Directions for this task:
Retype the listing exactly, minus its pictures.

**** Given information

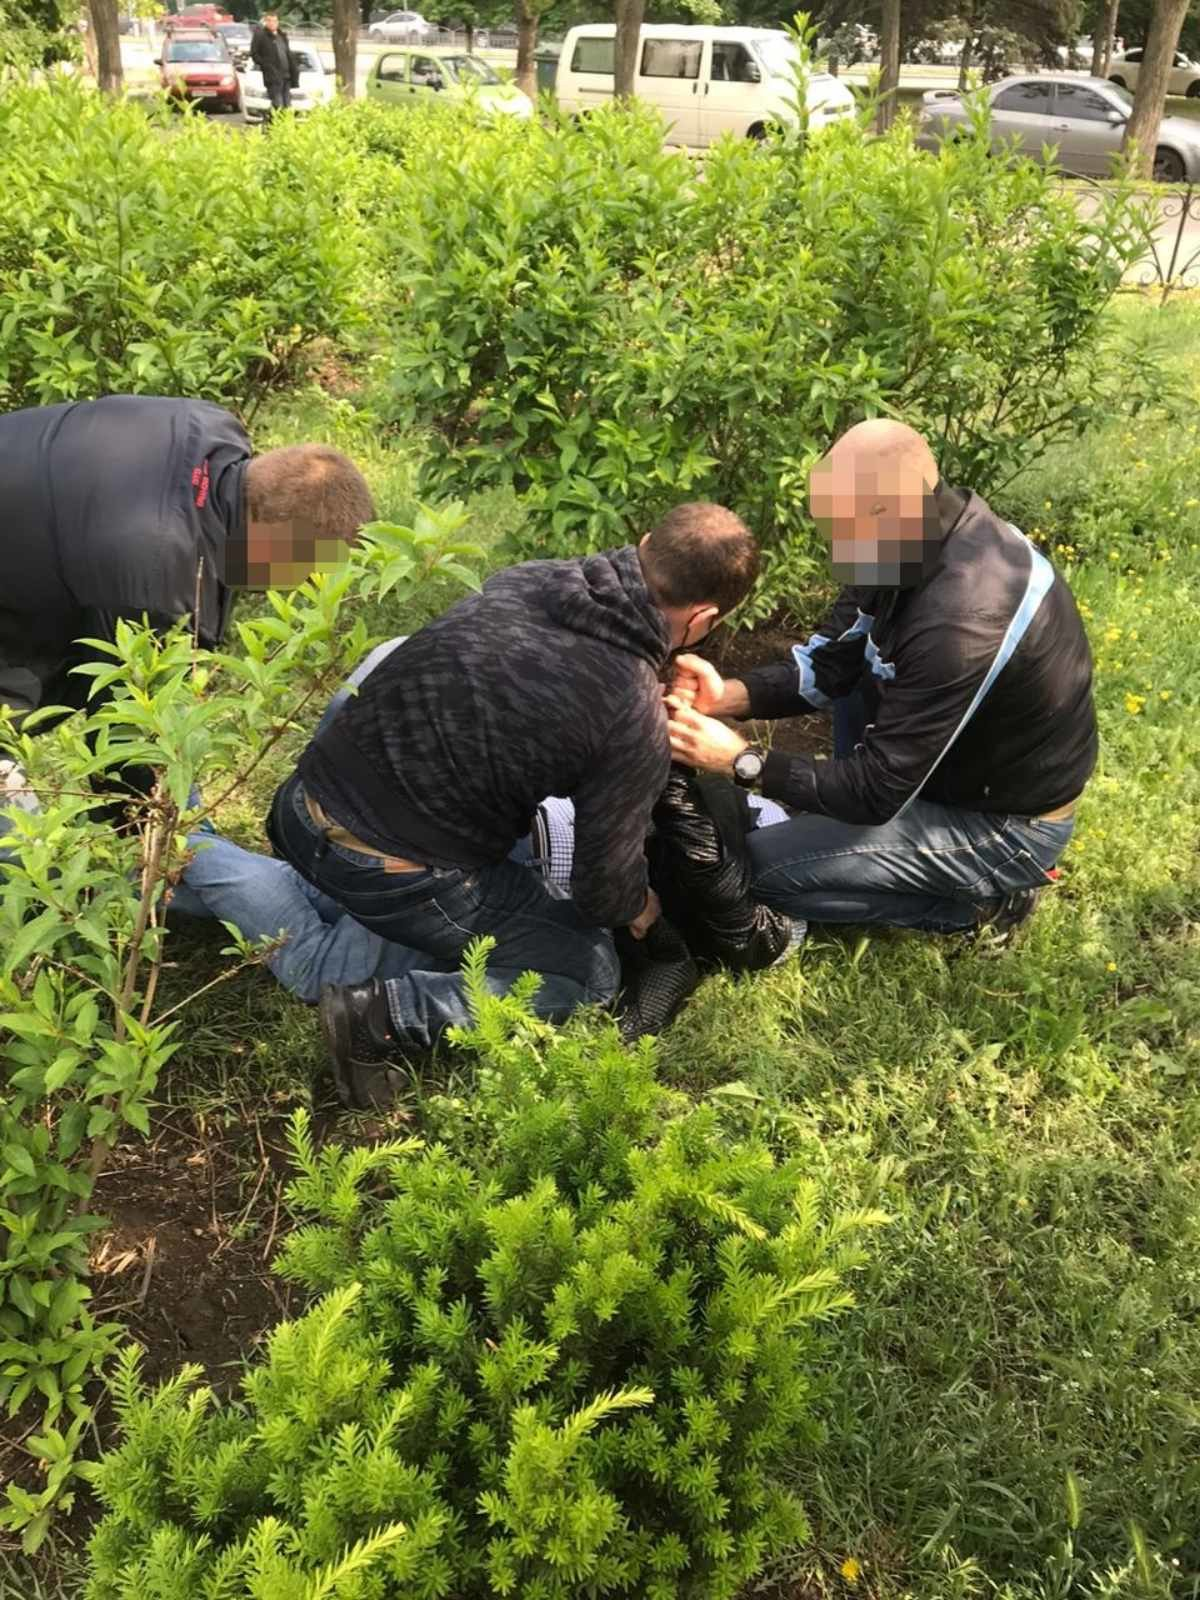 СБУ затримали чергового посадовця за вимогу хабаря від бердянських рибаків, фото-5
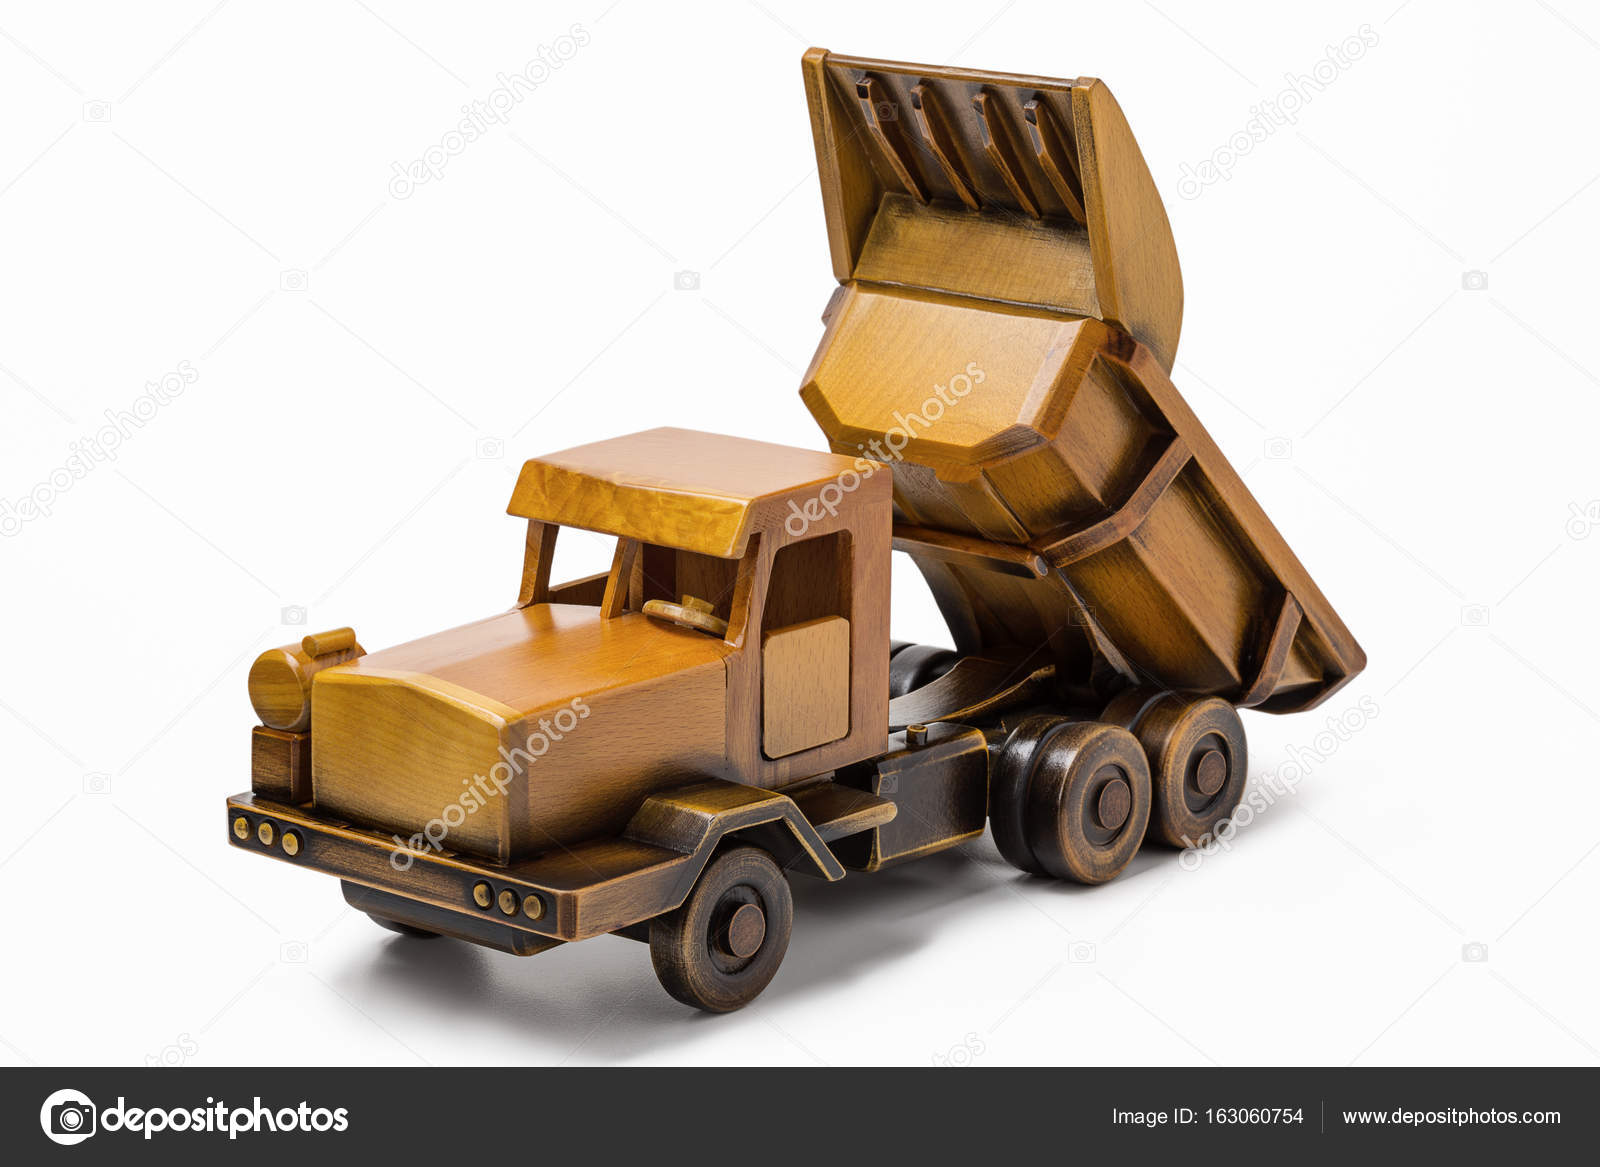 Fotos Carros De Madera Carro De Descarga De Coches Miniatura
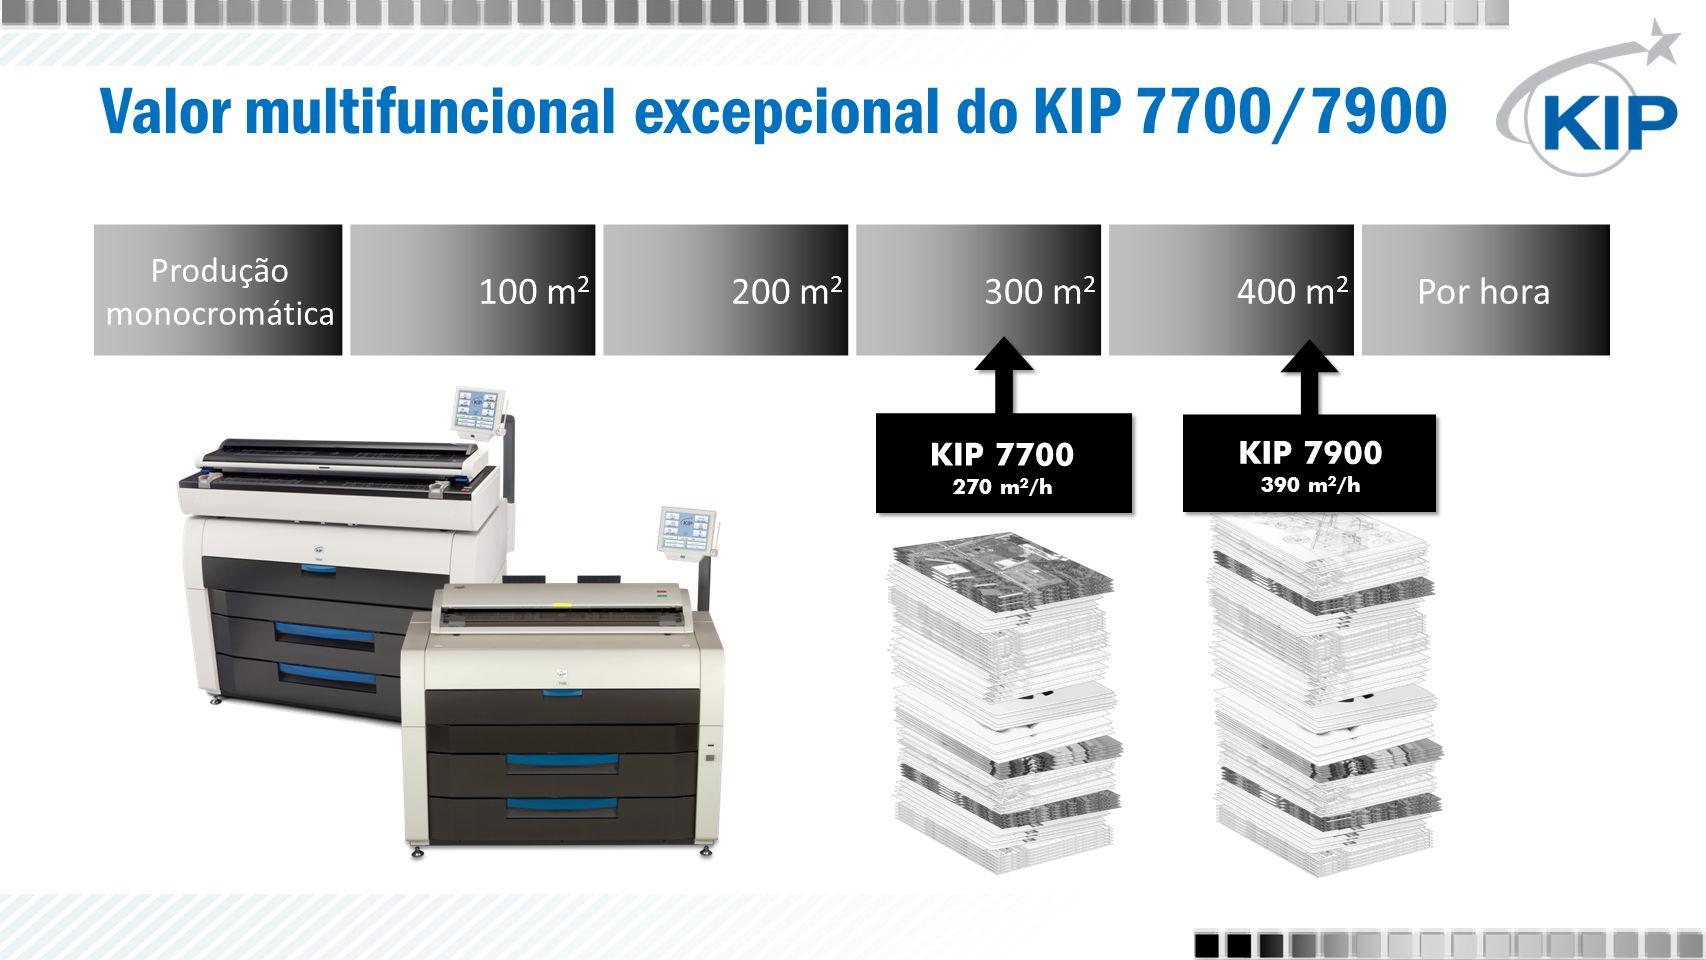 Produção monocromática 100 m 2 200 m 2 300 m 2 400 m 2 Por hora Valor multifuncional excepcional do KIP 7700/7900 KIP 7700 270 m 2 /h KIP 7900 390 m 2
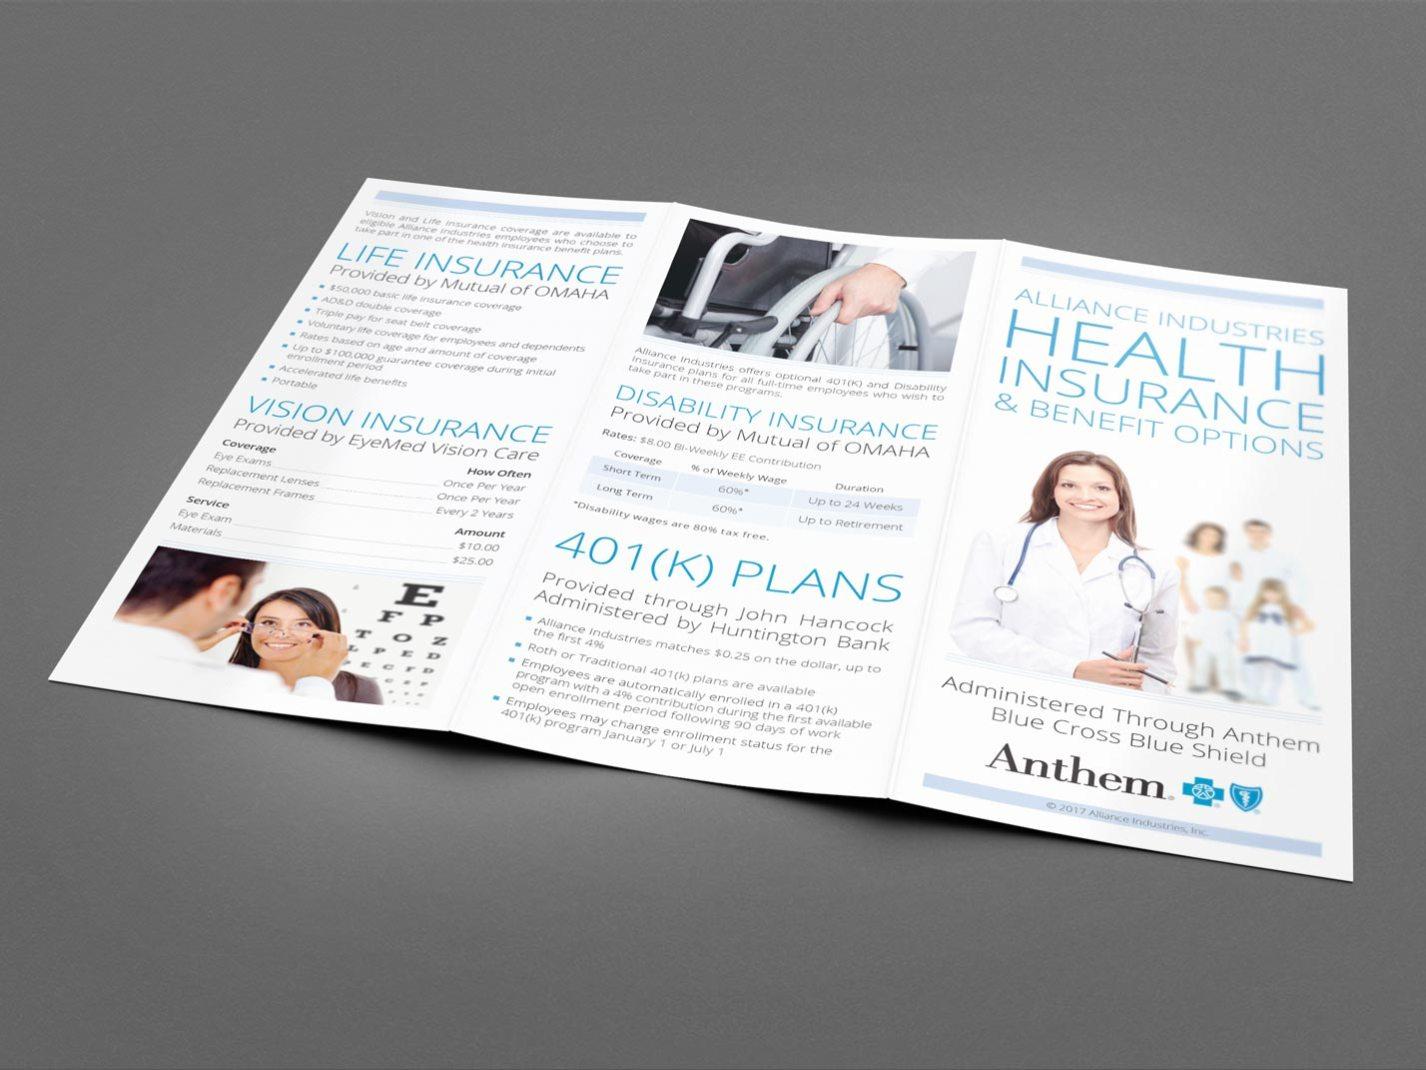 Alliance Industries Benefits Brochure

********

Exercise answer:
 СБУ затримали чергового посадовця за вимогу хабаря від бердянських рибаків, фото-5
 Fotos Carros De Madera Carro De Descarga De Coches Miniatura
 Produção monocromática 100 m 2 200 m 2 300 m 2 400 m 2 Por hora Valor multifuncional excepcional do KIP 7700/7900 KIP 7700 270 m 2 /h KIP 7900 390 m 2
 Alliance Industries Benefits Brochure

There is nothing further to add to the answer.